TO DO: In the material below, pictures must be dropped. Repeat exactly, and only, the lines from the line with "意気消沈した実質的カップルNeutrogena Original Formula" to the line with "Israel: Dead Sea", both ends included.

PROVIDED DATA:
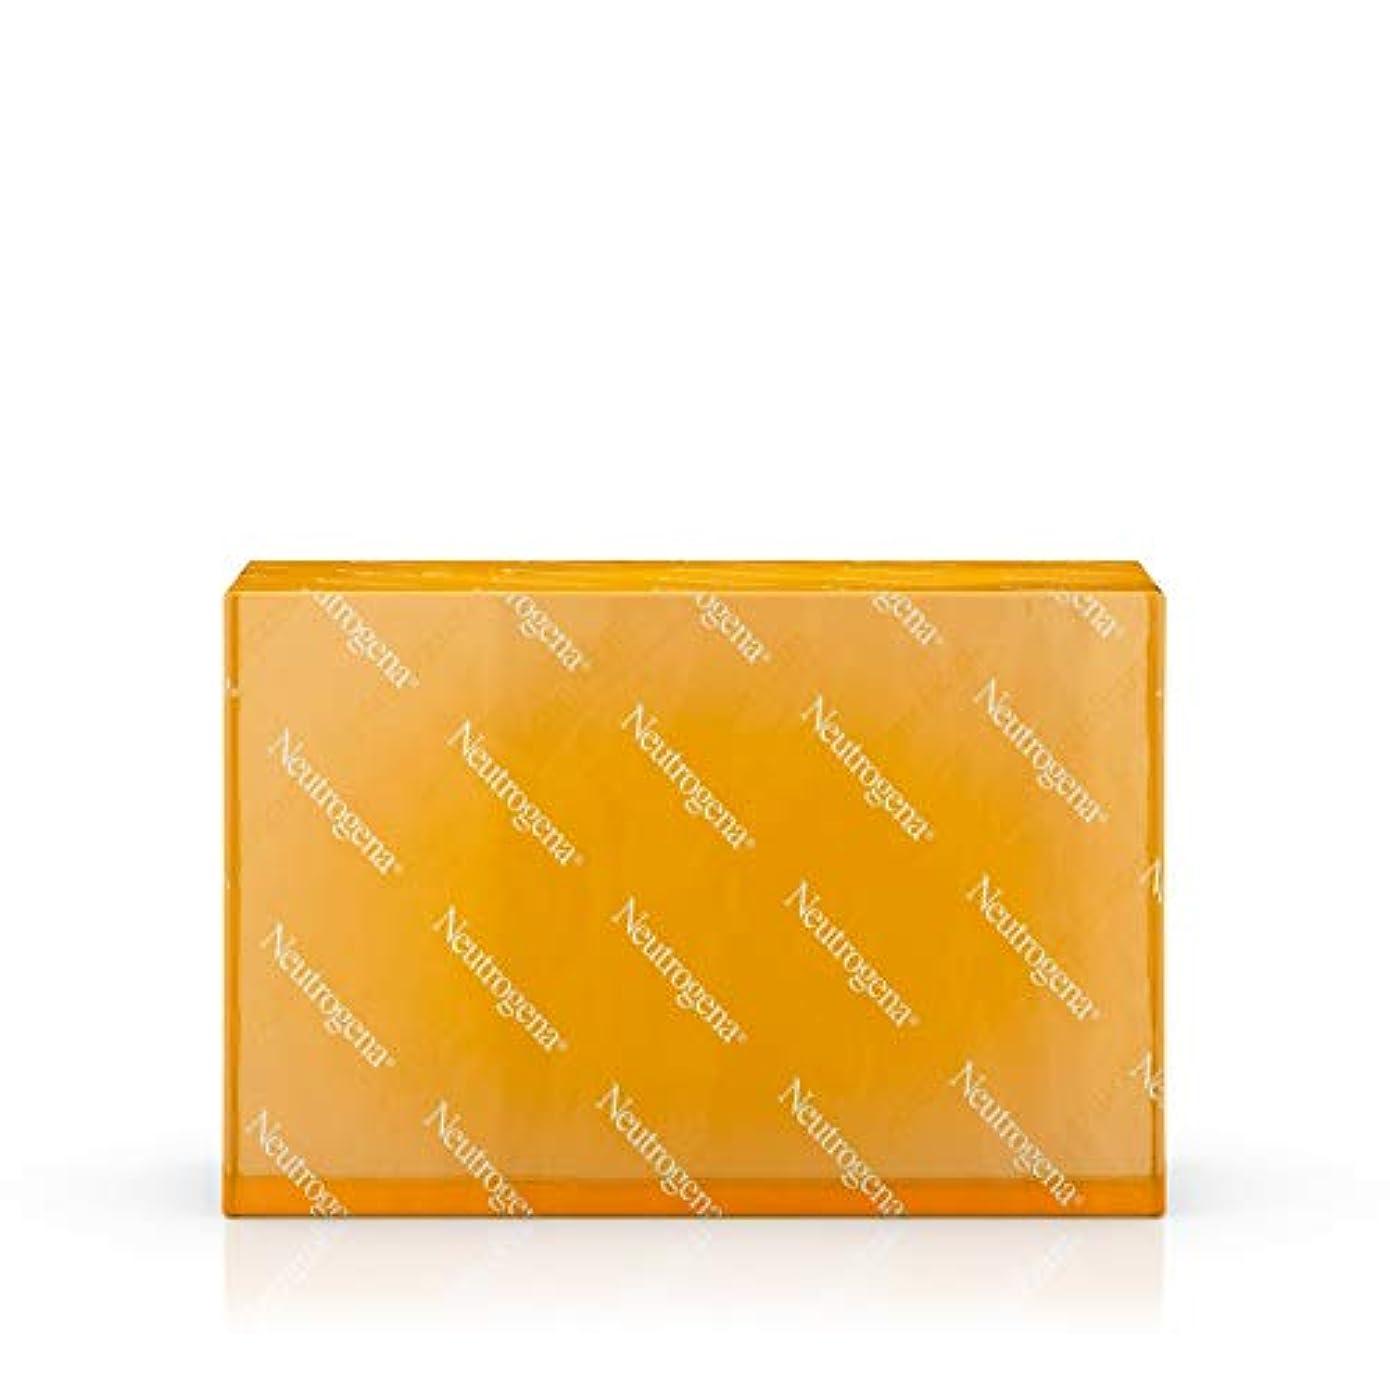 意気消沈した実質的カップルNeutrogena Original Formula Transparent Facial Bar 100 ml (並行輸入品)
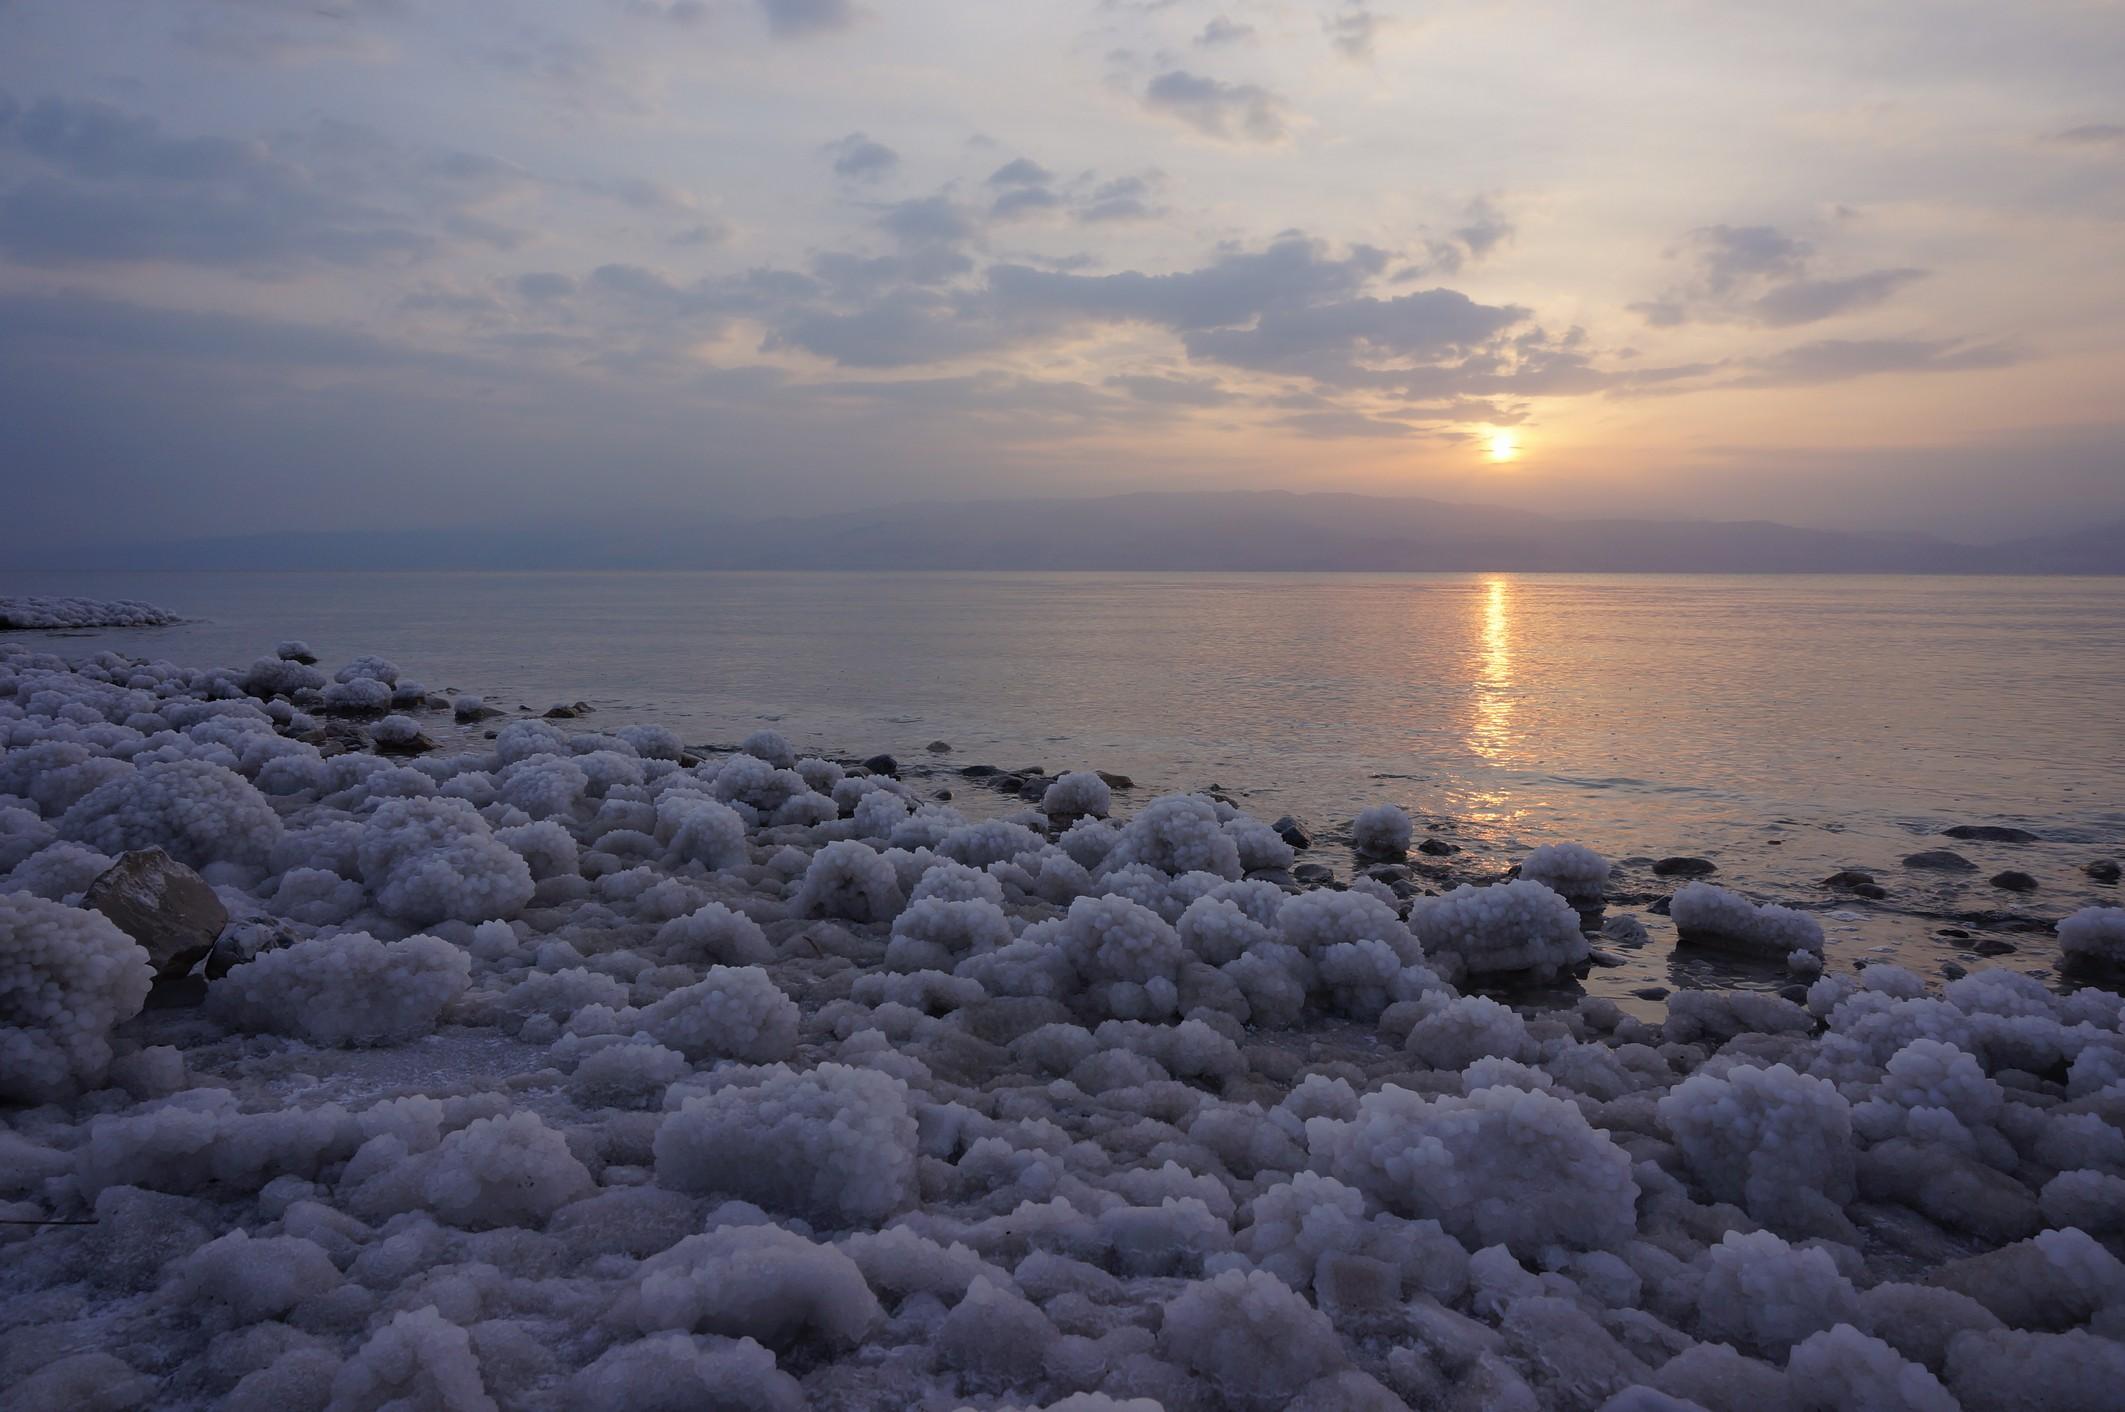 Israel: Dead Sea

* * *

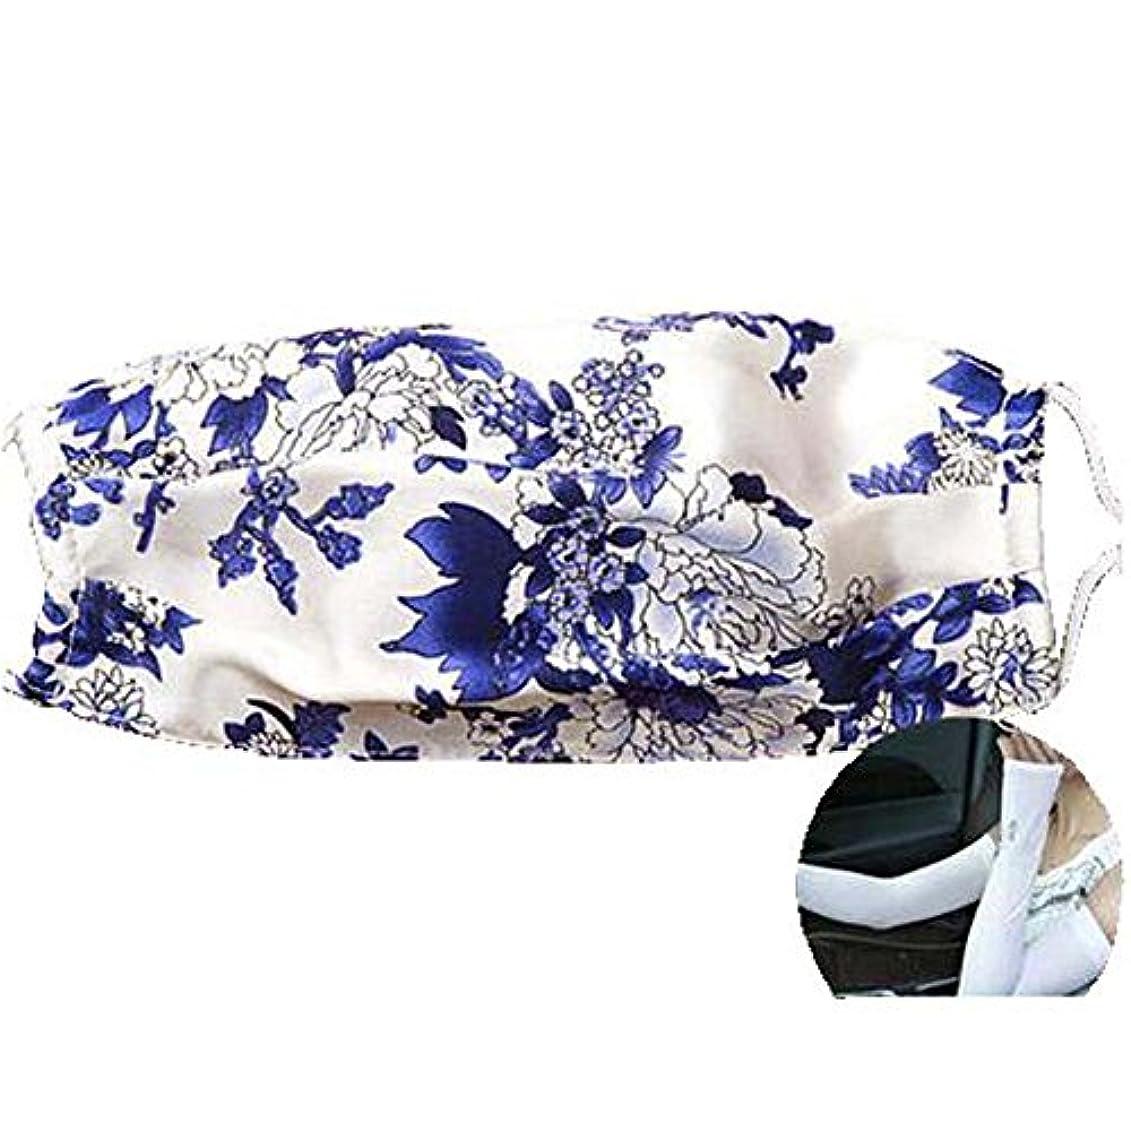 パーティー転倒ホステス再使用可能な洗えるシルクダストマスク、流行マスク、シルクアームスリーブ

PROBLEM SOLUTION:
 意気消沈した実質的カップルNeutrogena Original Formula Transparent Facial Bar 100 ml (並行輸入品)
 Israel: Dead Sea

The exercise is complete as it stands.